Медлительная река. рассказы - страница 16



Диван на круглых высоких ножках громоздился в углу. От обилия света на его старой коже, когда-то чёрной, а теперь облезлой и почти белёсой, как наколки, темнели заплаты. Одна из боковушек в виде неуклюжих цилиндрических валиков была откинута. На диване с двумя подушками за спиной в свитере, ватных штанах и бушлате полулежал-полусидел Степаныч.

– Что, чертила, замёрз? – усмехнулся он.

Пёс завилял хвостом и залаял вдохновенно и звонко, словно здороваясь и одновременно жалуясь на кусачий мороз и нелёгкую собачью планиду. Потом, замолчав, клацнул зубами и засеменил к Степанычу.


Старик, улыбаясь, почёсывал его за ушами, недоумевая в который раз, за какие такие заслуги приглянулся он этому своенравному псу, будучи наделённым в числе немногих сомнительной привилегией кормить и поить это сатанинское отродье. По правде говоря, беспородный Пират в самом деле напоминал чёрта! Короткой и чёрной, как сажа, шерстью, жилистой конституцией, прытью, а всего более – зловредным характером. Чуть что, по мнению пса, было не так, особенно, если кто, по незнанию, пытался его погладить – зубы сразу шли в ход! Доставалось всем без разбору. И людям случайным, и старожилам, не раз, бывало, угощавшим строптивого кобеля и поэтому совершенно не ожидавшим от него подобных сюрпризов! Цапнув кого-нибудь, Пират (со страху, а может, потому что мучила совесть?) прятался куда подальше, пережидая, пока не уляжется волна народного гнева. За что острый на язык сосед Степаныча – прогоревший торгаш и нынче опять инженер – Юрка называл его «собачий чечен». Не очень политкорректное прозвище било не в бровь, а в глаз.

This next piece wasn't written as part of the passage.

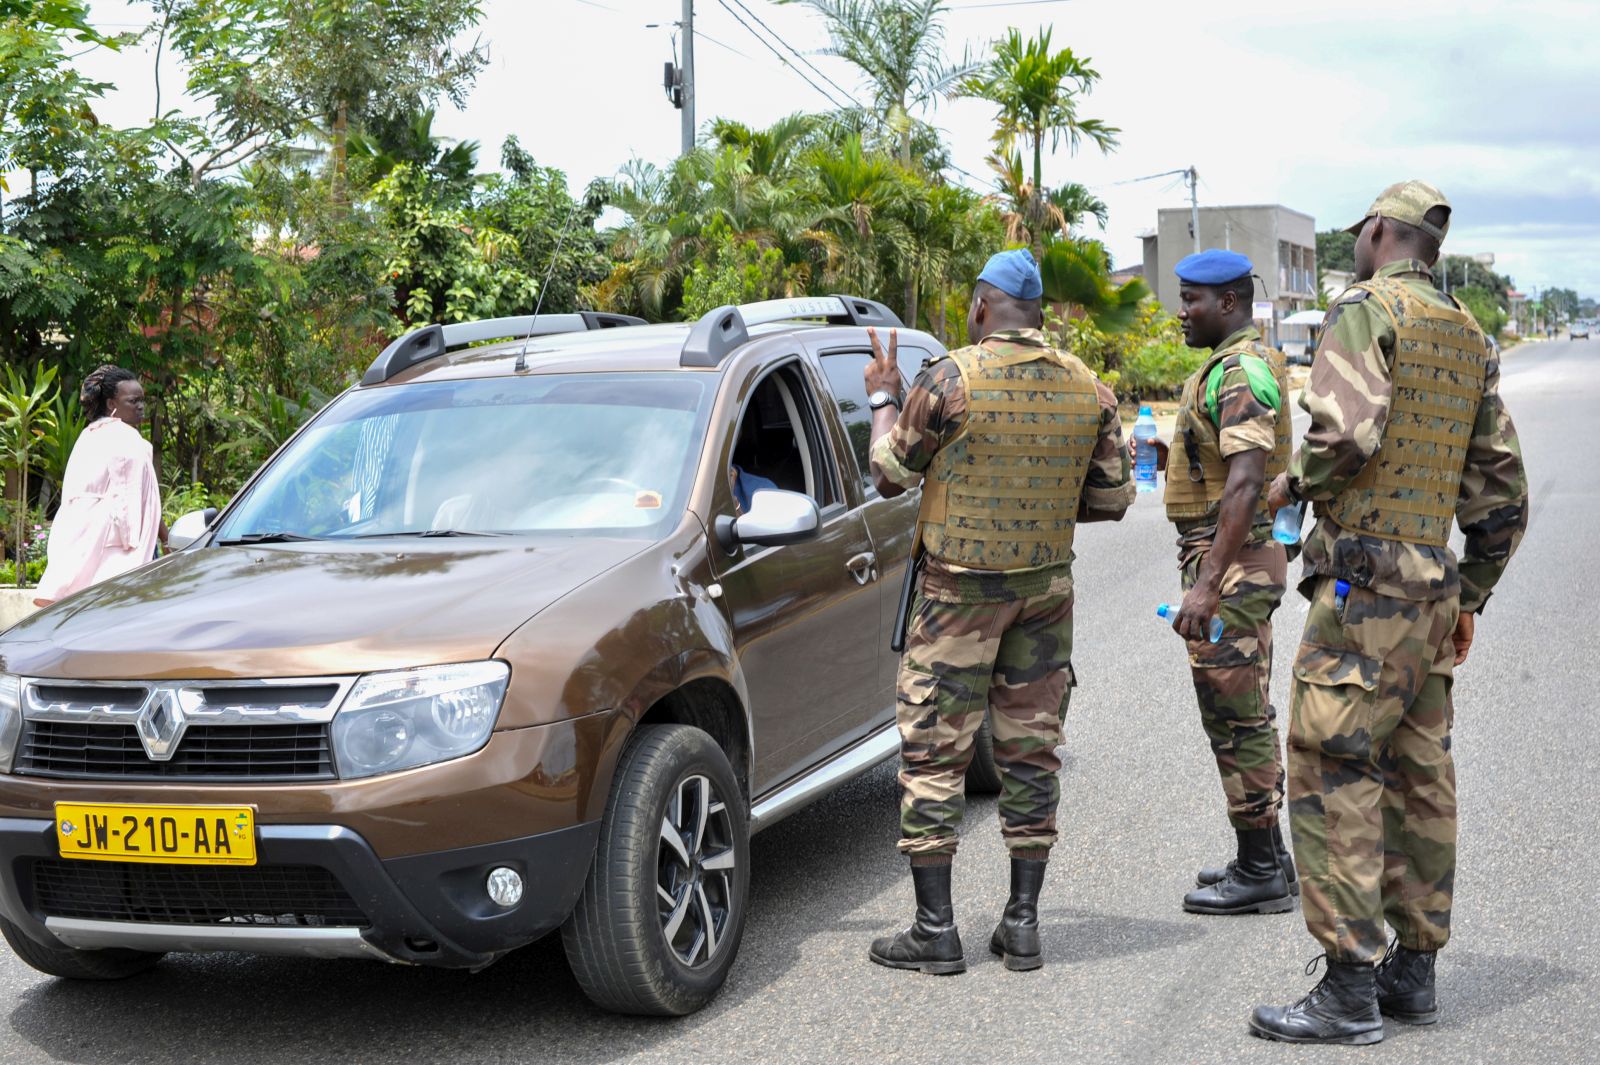 epa10828741 Members of the security forces gesture to a driver, at a checkpoint in the streets of Akanda, Gabon, 30 August 2023. Members of the Gabonese army on 30 August announced on national television that they were canceling the election results and putting an end to Gabonese President Ali Bongo's regime, who had been declared the winner.  EPA/STR

Хотя кто, думал Степаныч, как не сами поселковые псину разбаловали? Вот уже лет пять как Пират, неизвестно откуда появившийся в «Речнике», слыл в посёлке общим любимцем. Жил вольно, сам по себе. Иногда забегал к Степанычу, соседу его Юрке, но чаще пропадал возле правления, у Мефодьевны. А та уж – рада стараться! Сухари в кофе размочит, сливочным маслом намажет: «Пират только так любит!» Из внучкиной кофты жилетку кобелю сшила. С кармана́ми! Морозы этой зимой, конечно, выдались аховые, давно Москва такого не видела, но жилетка… Глупость какая-то несусветная, бабская придурь! А чертиле этому нравится.

Неожиданно Пират встрепенулся и зарычал. В дверь постучали.

– Открыто, – отозвался Степаныч.

Запустив в комнату облако морозного пара, вошли врач и фельдшер.

– Снова мы, Григорий Степаныч, – улыбнулась врач.

– Забыли чего?

– Да нет, с каретой у нас неувязка, – замялся фельдшер.

– Что за беда?

– Поймали какой-то штырь и колесо пробили. А стали менять, так, верите, баллонник – хрясь! – и напополам!

– От мороза?

– Какой там! Металл – дрянь, штамповка китайская. Водитель за подмогой в правление двинул, а мы к вам – погреться.

– Самое то! Сейчас мы чайку… – оторвался от подушек Степаныч.

– Куда после укола? – осадила старика врач. – Скажите, где, что, я сама.

Но стоило ей сделать шаг, послышалось глухое рычание. Оказалось, всё это время Пират наблюдал за происходящим.

– Надо же, – удивилась женщина.

– Охрана, – хмыкнул фельдшер.

– Так он не жрамши! – осенило Степаныча. – Момент!

Сунул руку в карман бушлата, выудил какой-то предмет и незаметно для собаки зашвырнул под диван.

– Пират, где мячик? Искать!


Уже потом, за столом, хрустя сухарями и подливая из термоса вместо чая ароматный настой шиповника, они всё не могли унять смех, вспоминая, как Пират, забыв обо всём, азартно лез под диван и шарил лапой в поисках мячика.